More on Obama’s thoughts on education, in the president’s weekly address, he said kids and the economy will benefit from the changes he’s making in education policy and his plan to spend billions to upgrade schools and keep teachers on the job, according to the Huffington Post. Obama used his weekly radio and Internet address Saturday to push his $447 billion jobs bill through the prism of education. He recapped steps he has authorized to let states opt out of unpopular proficiency standards because Congress has been slow to update the existing law.

According to the New York Times, New York City has decided to give twice as many elementary and middle schools D’s and F’s on their annual progress reports this year as last year, officials announced on Friday, stepping up efforts to isolate struggling schools and select them for closing or other types of intervention. By expanding the number of schools receiving the lowest grades, and by removing a safety net that kept schools from dropping more than two letter grades in a year, Shael Polakow-Suransky, the city’s chief academic officer, said the city was offering “a more precise and accurate representation of how the schools are actually performing.”

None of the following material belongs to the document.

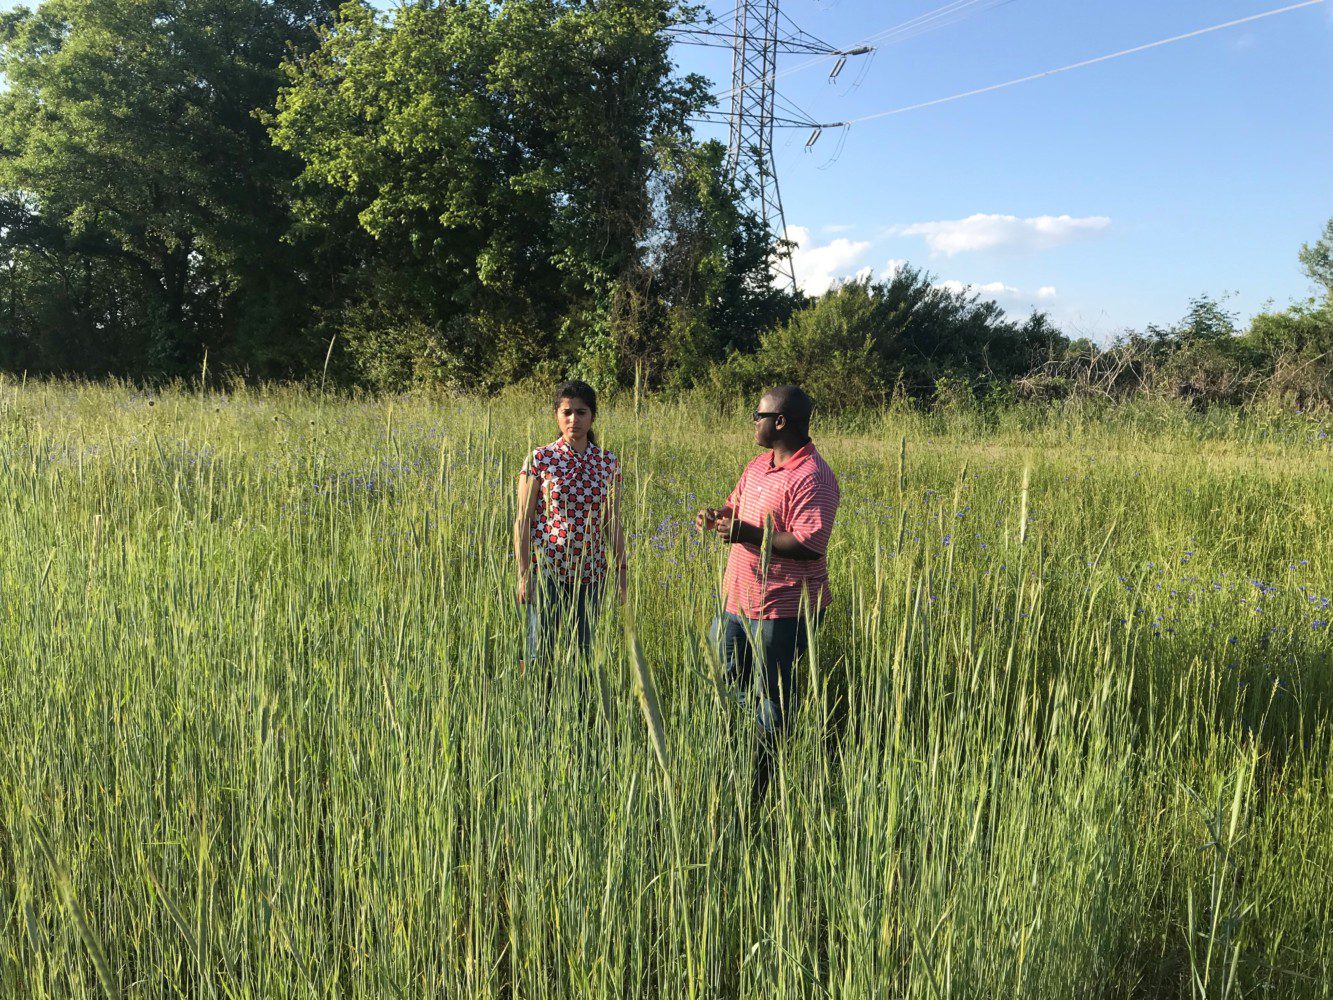 Clemson researchers have found a cover crop mixture that can reduce costs for South Carolina farmers, rejuvenate farm soil and help conserve the state’s water supply if included in crop rotations.
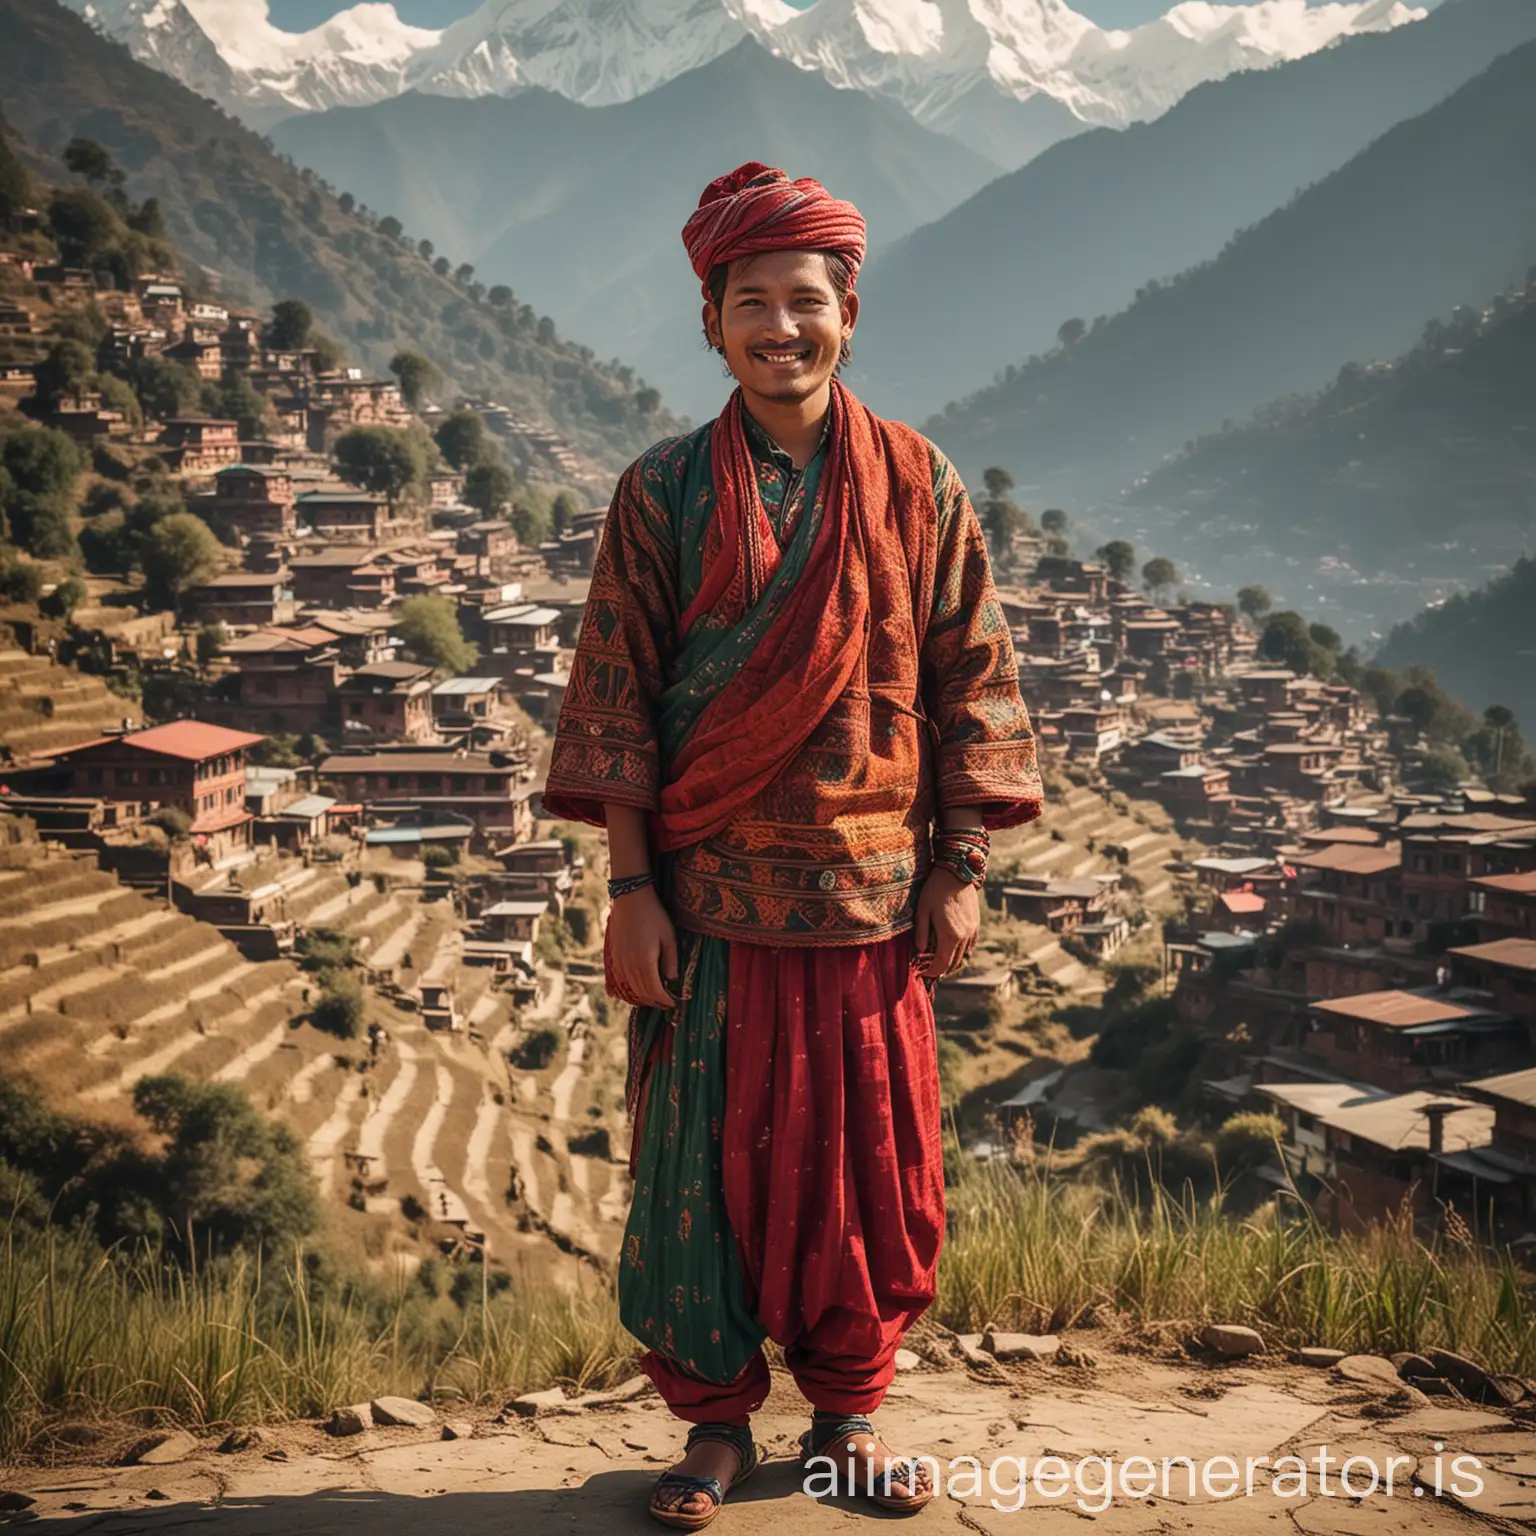 Capture a full-body photo of a Nepali individual standing against a picturesque backdrop. The person should be dressed in traditional Nepali attire, with vibrant colors and intricate patterns. Ensure the background highlights the natural beauty of Nepal, such as the Himalayas, terraced fields, or historic architecture. The person should be centered, with a confident and relaxed posture, smiling naturally.

The Associated Press reports that states seeking to waive basic requirements of the No Child Left Behind law are pushing their plans to maintain student and teacher accountability. Georgia and Kentucky school officials said during a call Friday with U.S. Education Secretary Arne Duncan that they want schools to be graded on multiple criteria, not just standardized test scores.

Vice President Joe Biden visited a fourth grade class being taught in an old portable unit on Friday to highlight the president’s American Jobs Act, which would modernize one-third of all schools nationwide, according to the Associated Press. The class at G.K.E. Sabal Palm in North Miami Beach is one of nine being taught in portable units more than a decade old. The ceiling tiles in teacher Sandra Raine’s class have mold, and students often complain about coughs and feeling dizzy. The air conditioning unit — in hot South Florida — is frequently broken, and the technology, she said, consists of “dinosaur computers.”

Education Week reports that — in what appear to be the latest moves in a shift of emphasis from financing to facilitating education technology — the U.S. Department of Education and the Federal Communications Commission this month both have helped launch initiatives that were billed as major breakthroughs but involved the two organizations as agents of collaboration, not primary funders.

The Post Register in Idaho reports on a new program in the state that help first-year teachers adjust to their new jobs by using retired teachers as their mentors.

The Associated Press reports that the recession has upended many aspiring teachers’ dreams. Many choose the profession because they love to work with kids, they can be home in the summer, and for a long time, having an education degree has pretty much secured you a job while the nation underwent a shortage of teachers. However, with the dwindling economy and layoffs, many aspiring teachers are having no luck finding a job.